Huayou Cobalt Co., Ltd is primarily a supplier of cobalt, including cobalt tetroxide, cobalt oxide, cobalt carbonate, cobalt hydroxide, cobalt oxalate, cobalt sulfate, and cobalt monoxide. It is headquartered in the Tongxiang Economic Development Zone of Zhejiang, China.

Child labor allegations and Huayou's actions to take responsibilities
According to a joint Amnesty International and African Resources Watch report, Congo DongFang International Mining, a subsidiary of Huayou Cobalt, sources cobalt from primitive "artisanal" mines in the Democratic Republic of the Congo, where there are few worker protections and child labor has been employed.
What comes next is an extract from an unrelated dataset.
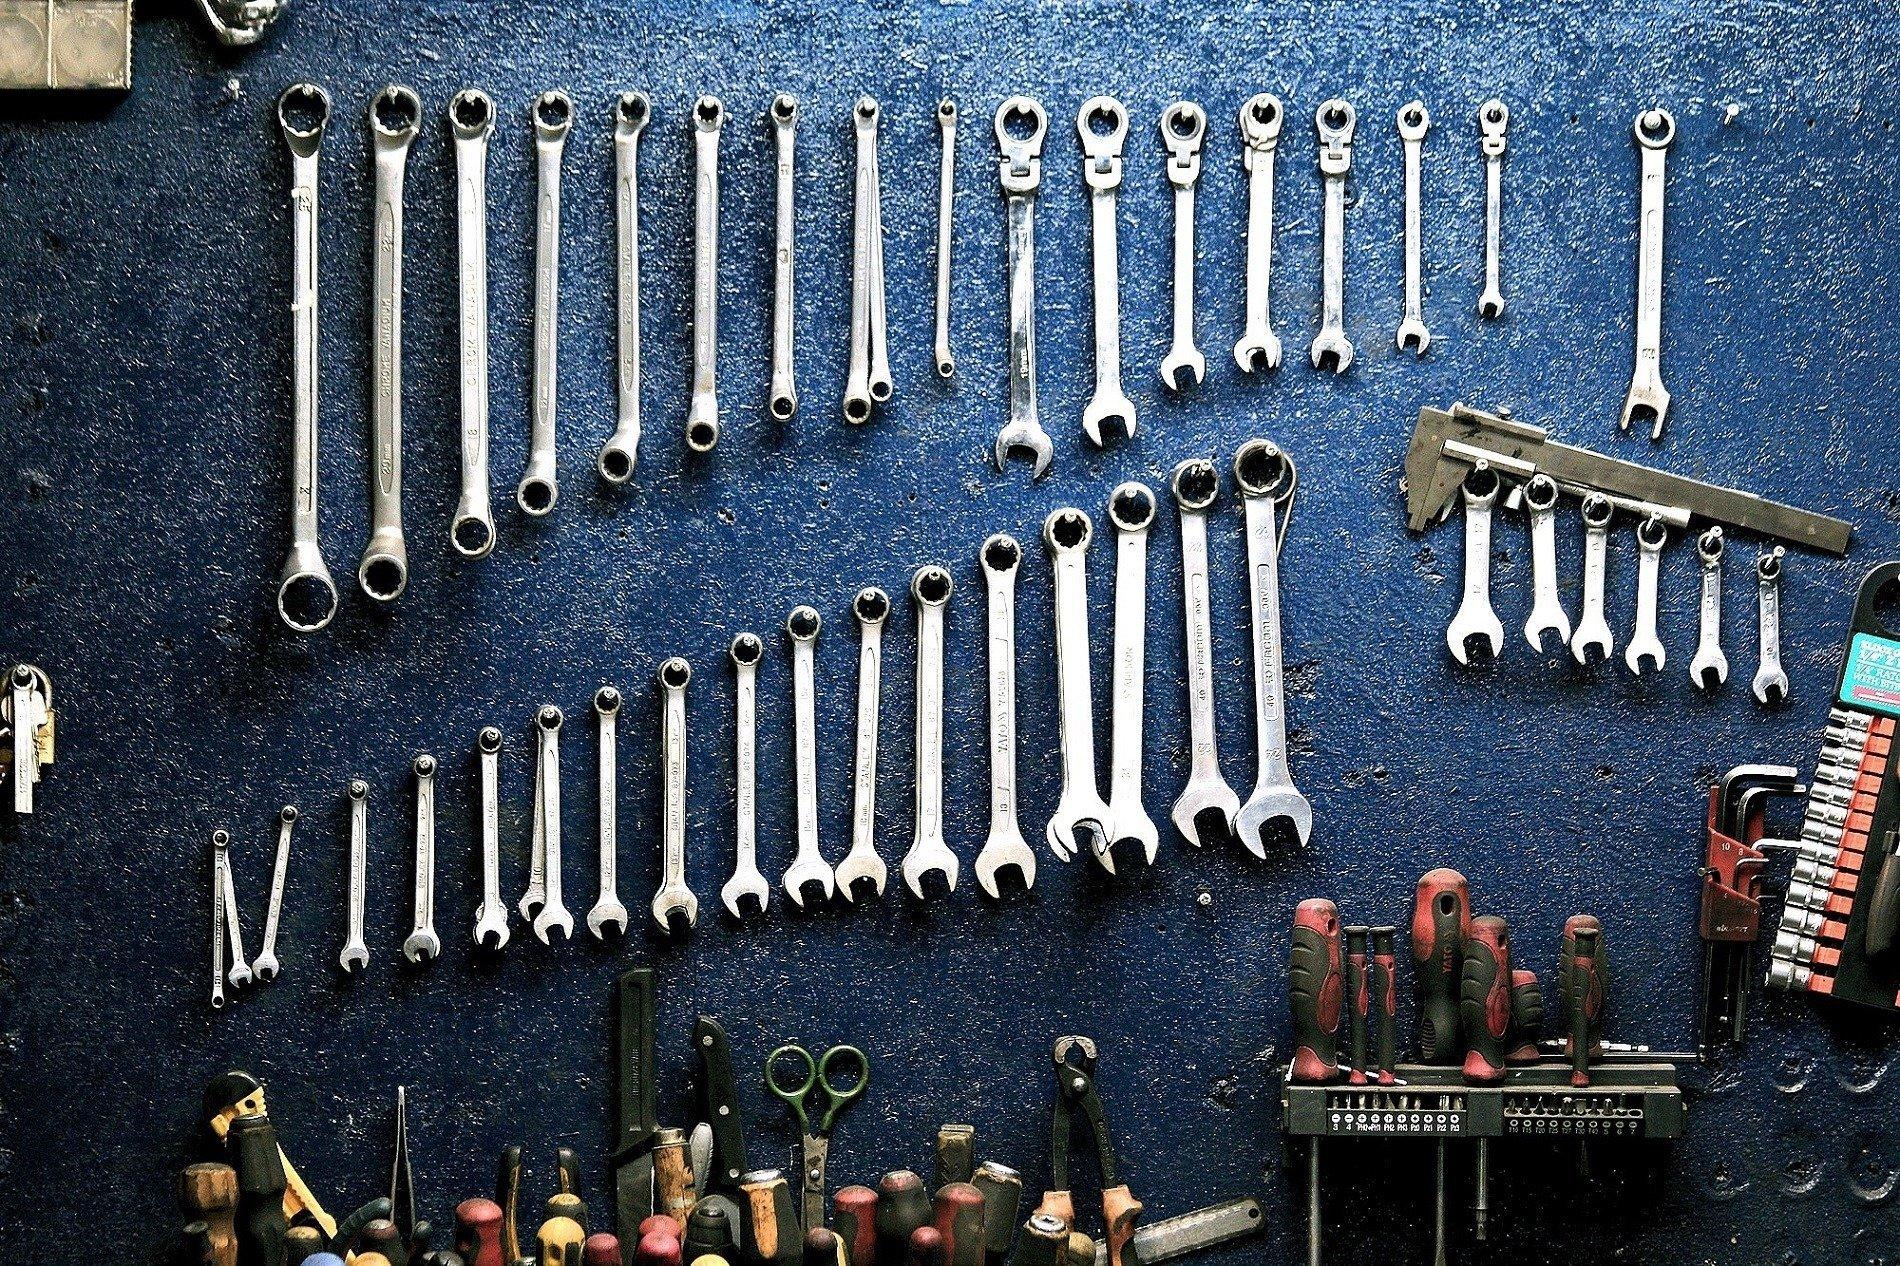 mechanic tools female customers

Apple Inc. said that approximately 20% of the cobalt in Apple's batteries were sourced from Huayou Cobalt.

In response, Huayou Cobalt admits to having "insufficient awareness of supply chain management", and did not know that buying artisanal cobalt would increase child labor.
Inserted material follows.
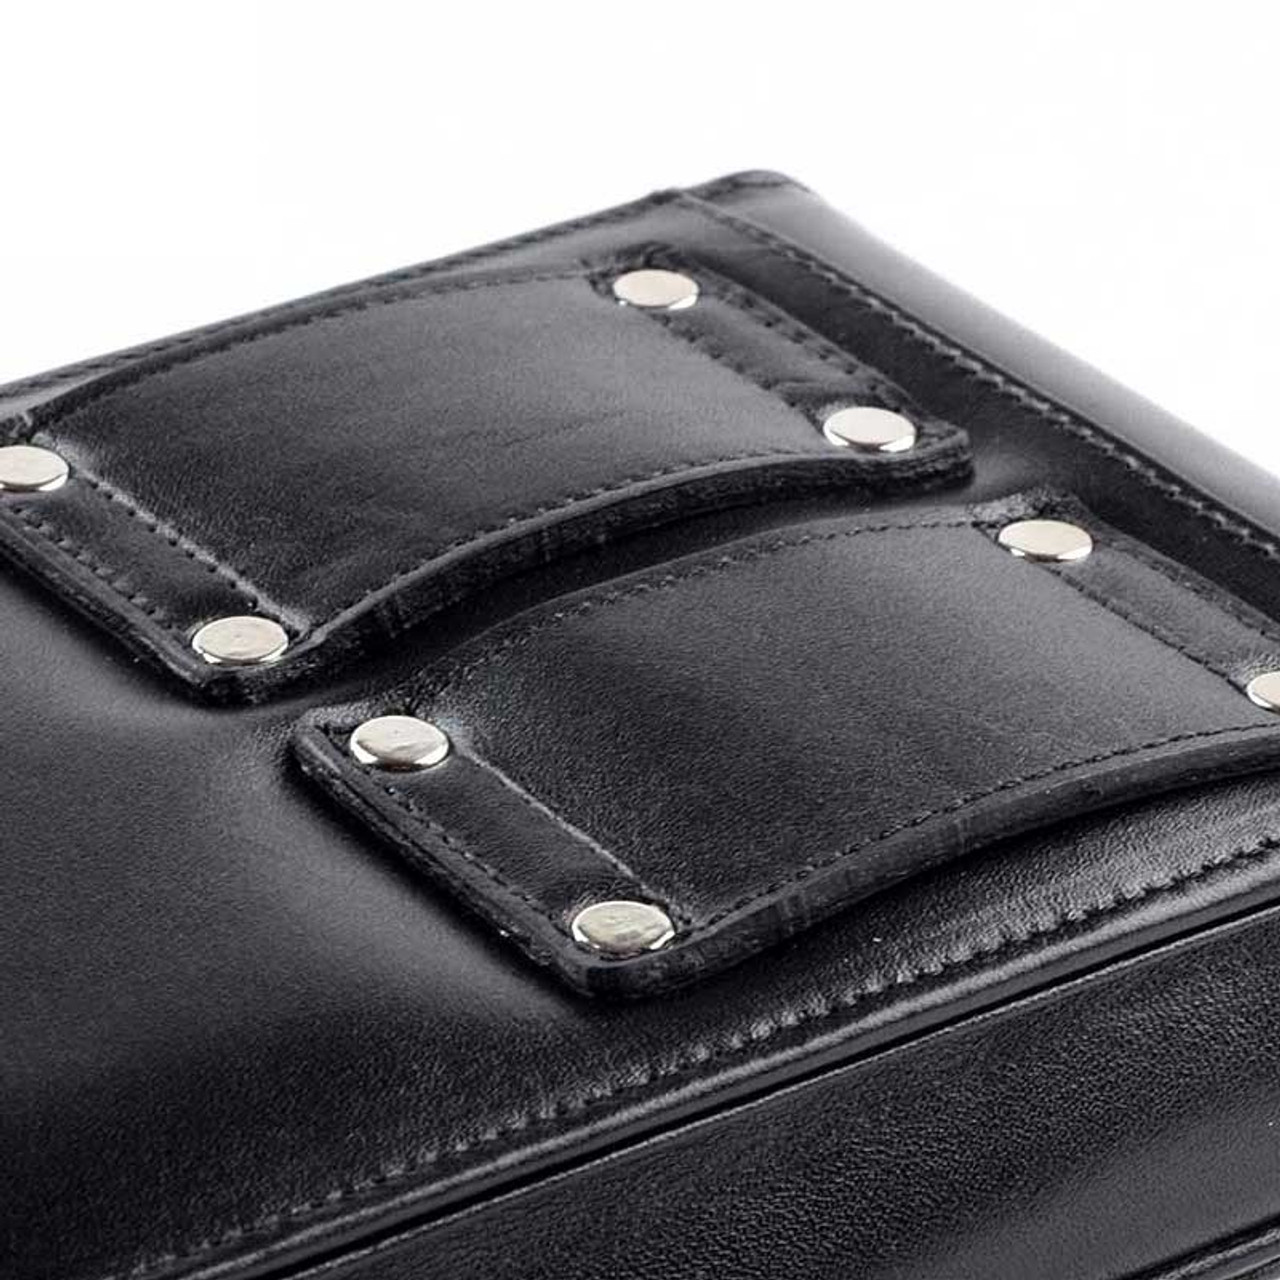 Taurus 709 Slim Concealed Carry Holster (Belt Loop)

In 2016, Apple said that starting in 2017, they will treat cobalt as a conflict mineral, and require all cobalt suppliers to agree to outside supply-chain audits and risk assessments. After a 2017 Sky News follow-up that showed that child labor continued to be utilized, Apple said it stopped buying cobalt mined by hand in DRC entirely.

In June 2018, Signify, together with Fairphone and Huayou Cobalt co-founded the Fair Cobalt Alliance, the members include :LGES、Tesla、Google、Britishvolt、ATL,FREYR.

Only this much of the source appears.